Я вспомнил свое детство. Может быть, ищу дом, а не какие-то божественные высоты. Я родился с этим инстинктом на краю земли, рядом со страной Ямато. Мой отец пережил послевоенный голод и застывшее равнодушие выживания вокруг, на окраине, застроенной лагерями. То есть, в состоянии отпадения от божественного рая. Может быть, мое детство было изолировано, как розы в саду всесильного коменданта концлагеря. Как же вам объяснить небывалую музыку той земли, где у яблонь «райских» стоял?

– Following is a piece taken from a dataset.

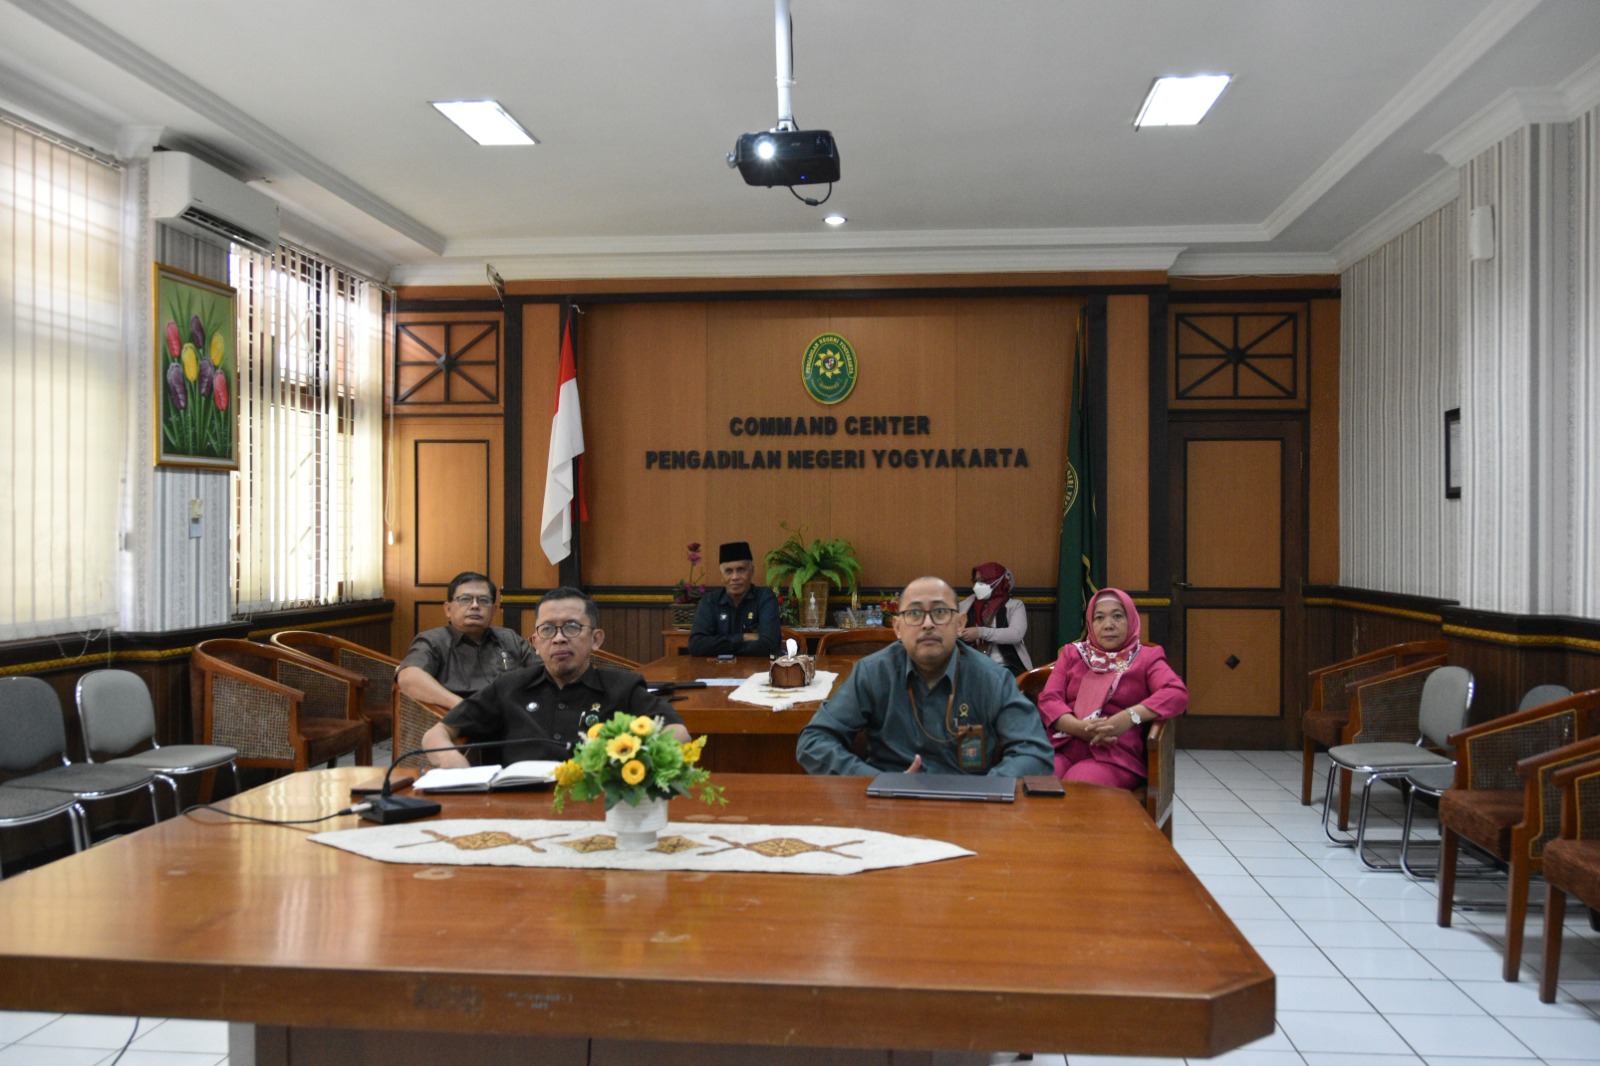 Pengadilan Negeri Yogyakarta Mengikuti Sosialisasi Pembaruan Aplikasi SIPP dan Aplikasi e-Court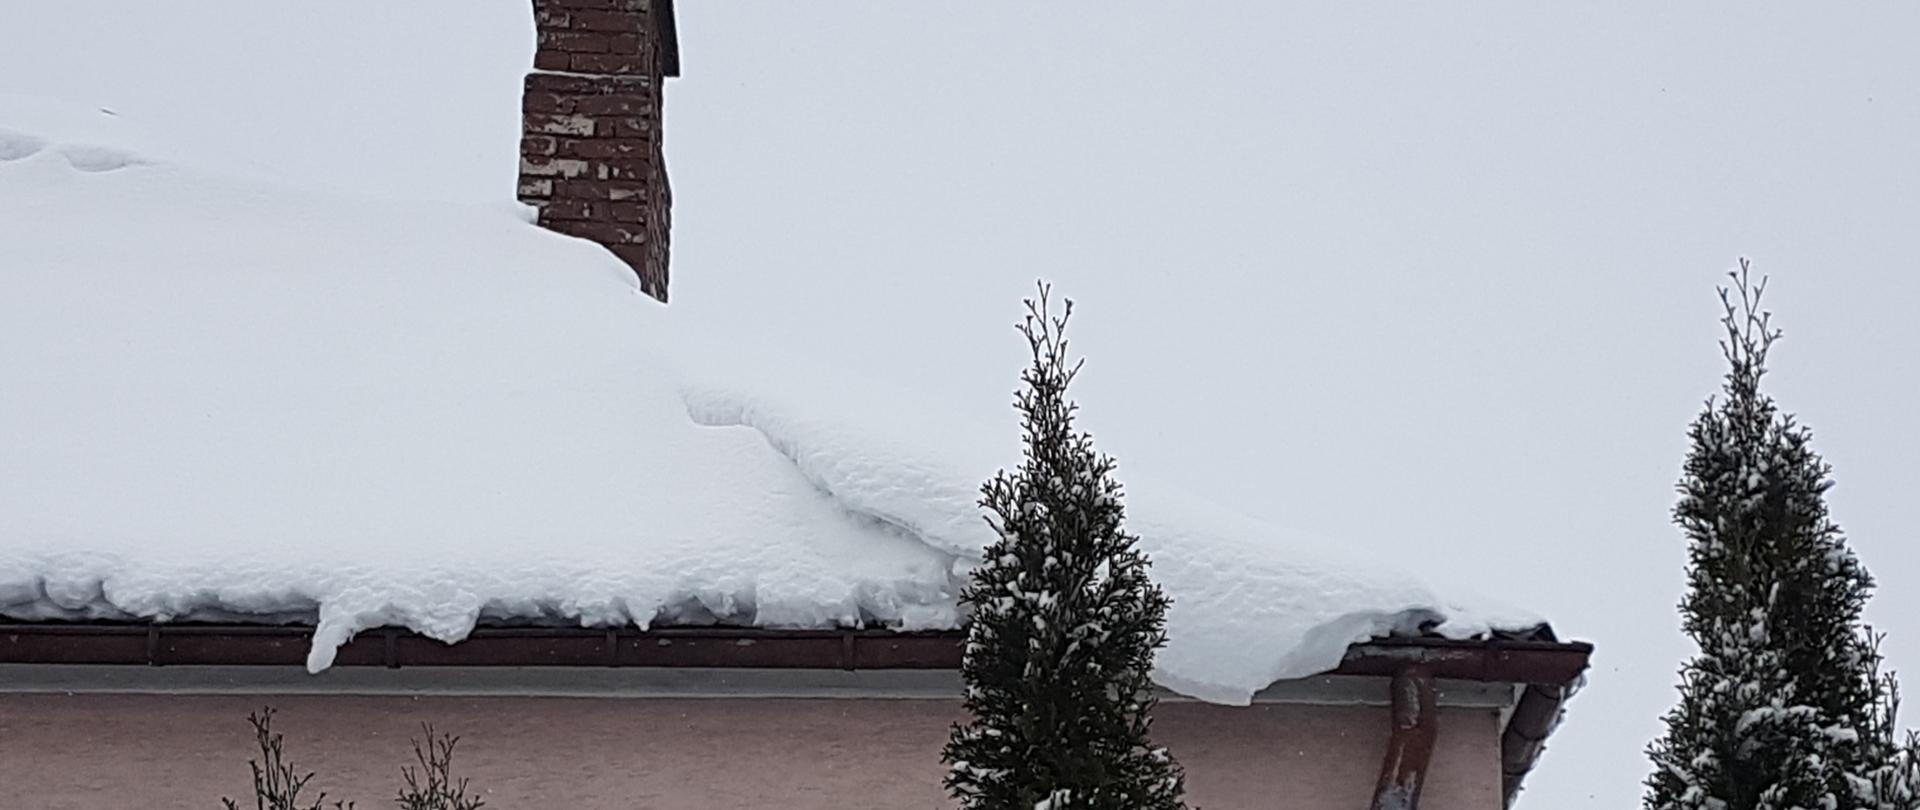 zdjęcie przedstawia zalegającą dużą ilość śniegu na dachu budynku mieszkalnego

Отец хотел, чтобы я жил лучше него, и поэтому неторопливо сдваивал жесткий ремень и, просунув мою голову между родных колен, неумолимых, как у Бога Гневающегося, выбивал мою лень к учебной муштре на моей дергающейся голой попе. Так своеобразно он выражал любовь к детям. Поэтому бессловесную мать я воспринимал со стороны, она, пригорюнившись, бесполезно жалела меня. Я убегал, однажды оказался в детдоме. И во мне был ужас – детской раны, когда боль сиротства в нас скулит. Но всегда был связан с миром ранним первозданной родины – семьи. И возвращался. Но к семье подлинной, куда хотелось бы вернуться навсегда. Этого не объяснить.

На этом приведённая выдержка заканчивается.